Seeing inclusion, and not simply diversity, as crucial to the organization’s health helps refocus the “why” in “why we need to eliminate bias from our hiring practices,” or “why we need to put in place policies and protocols against workplace harassment.”

To better understand this, just think about a meeting or an interaction at work when you felt at ease and a part of the team: how were you acting, and what were others able to observe in you? Now, think about a time when you felt excluded or out of place: how were you feeling, and how were you behaving? What was your body language like, and how invested were you in the outcome?

Inclusion means employees from non-dominant social groups don’t have to spend extra energy overcoming daily hurdles in the form of micro-aggressions, bias and stereotypes directed at them. When those barriers are removed, their energy can be directed toward creativity, innovation and collaboration with their colleagues.

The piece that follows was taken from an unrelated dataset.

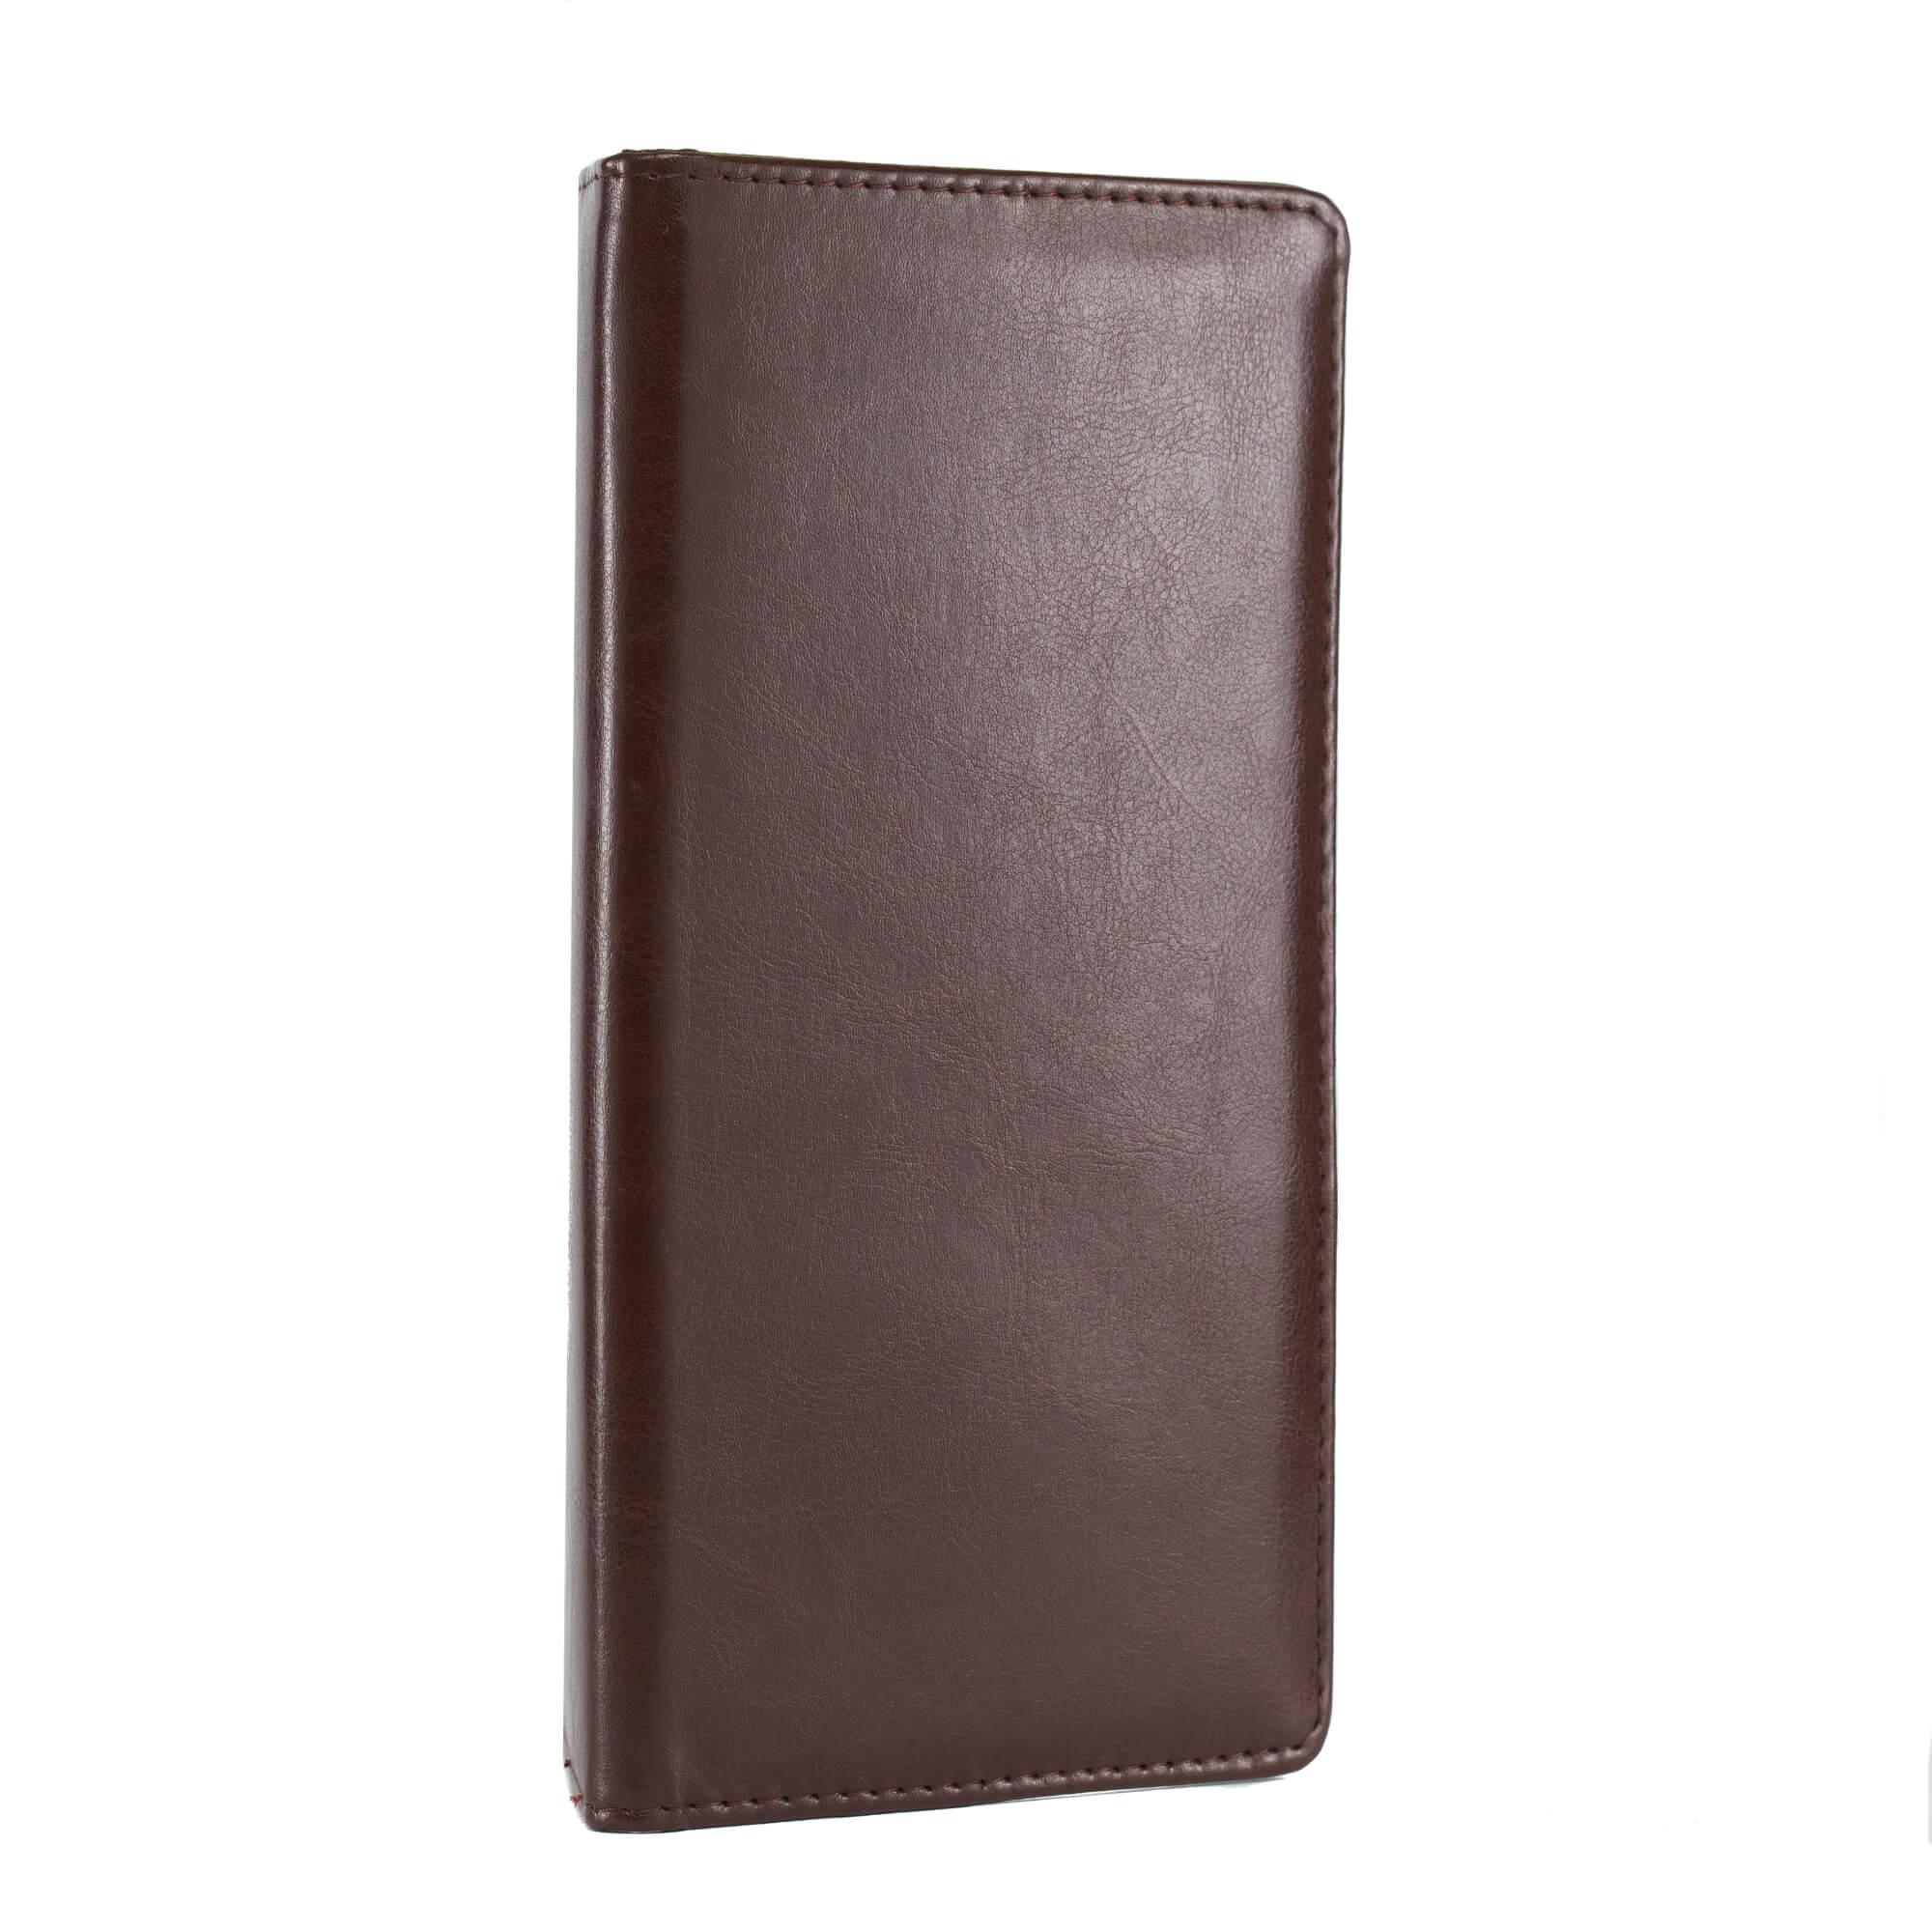 Csokibarna fizetőmappa, csáró, mágnessel 2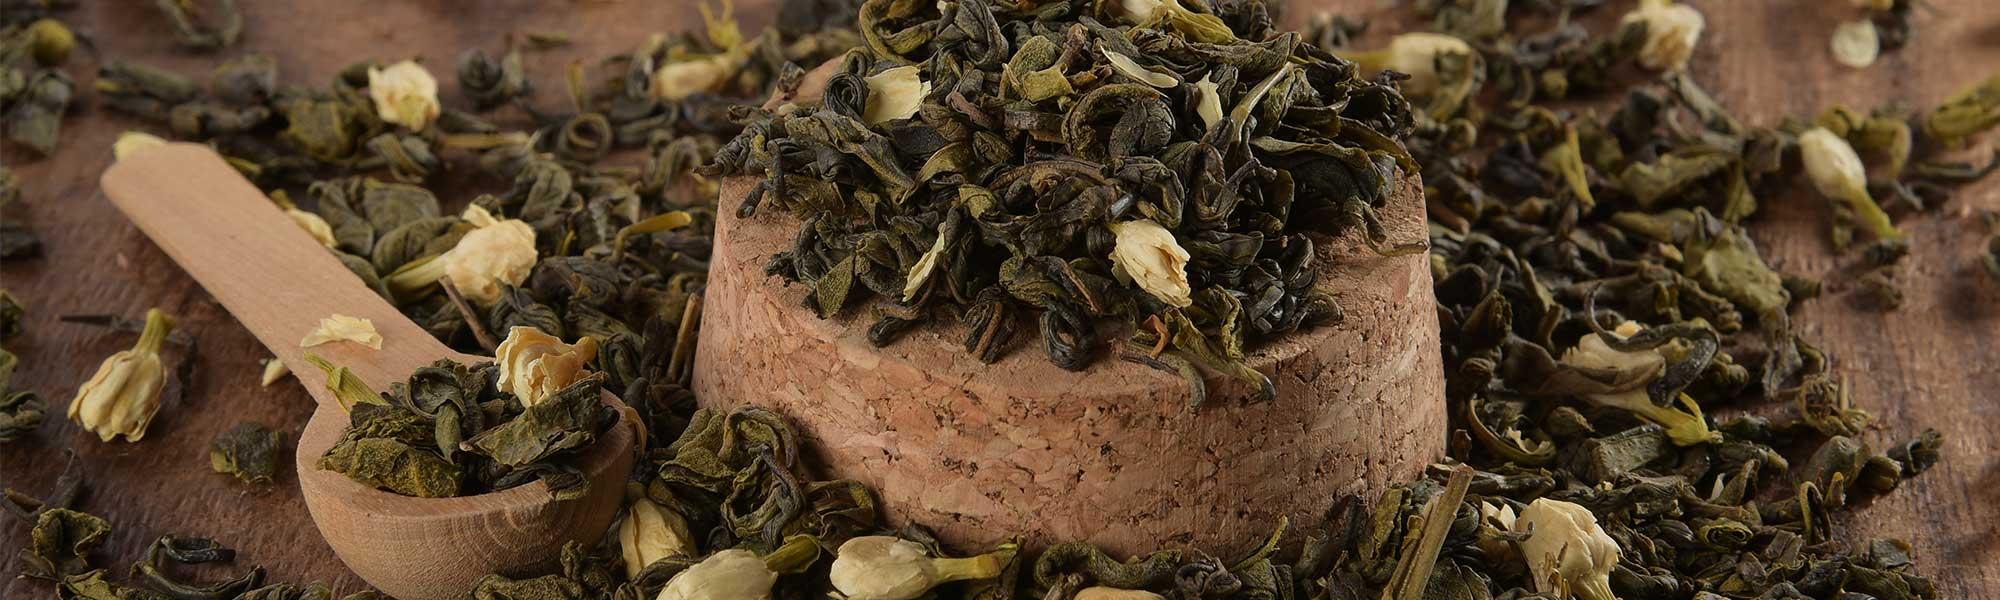 قیمت هر کیلو چای سبز در بازار ایران

So where do companies start to ensure they are tapping into the diversity potential of their workforce and are intentional about inclusion?

  • Start by better understanding the composition of your workforce. If you don’t know who is working for you, how will you know who you’re failing to include? For small companies under 50 this may sound superfluous. But not all forms of diversity are visible or apparent, and we may be making a lot of assumptions that are unhelpful and risky. When given an opportunity, employees may share parts of their identity that are integral to their feeling safe, supported and included.
  • Discuss your strategy at the senior level and decide what type of an assessment tool, or perhaps a combination of tools, best meets your needs. For example, a blend of voluntary self-identifying census questions combined with questions rating satisfaction and feelings of inclusivity, along with open-ended questions that invite feedback, can help provide a fuller picture of the organization’s baseline before jumping into D&I initiatives.
  • You may come across those who feel that asking employees to share information such as religion and sexual orientation is too personal and will make them feel uncomfortable. While this fear is understandable, it may be a projection of the sceptic’s own discomfort. These feelings are likely grounded in a view of diversity more in line with tolerating and even minimizing differences versus celebrating, valuing and actively incorporating them into the organization’s life. Meet resistance with preparation: be ready to offer supportive evidence and clarify potential myths and misconceptions about diversity surveys and their purpose. Put sceptics at ease by providing examples of companies and industries that are implementing census and engagement surveys with success, and draw on such authoritative sources as the Ontario Human Rights Commission’s guidelines on collecting demographic data.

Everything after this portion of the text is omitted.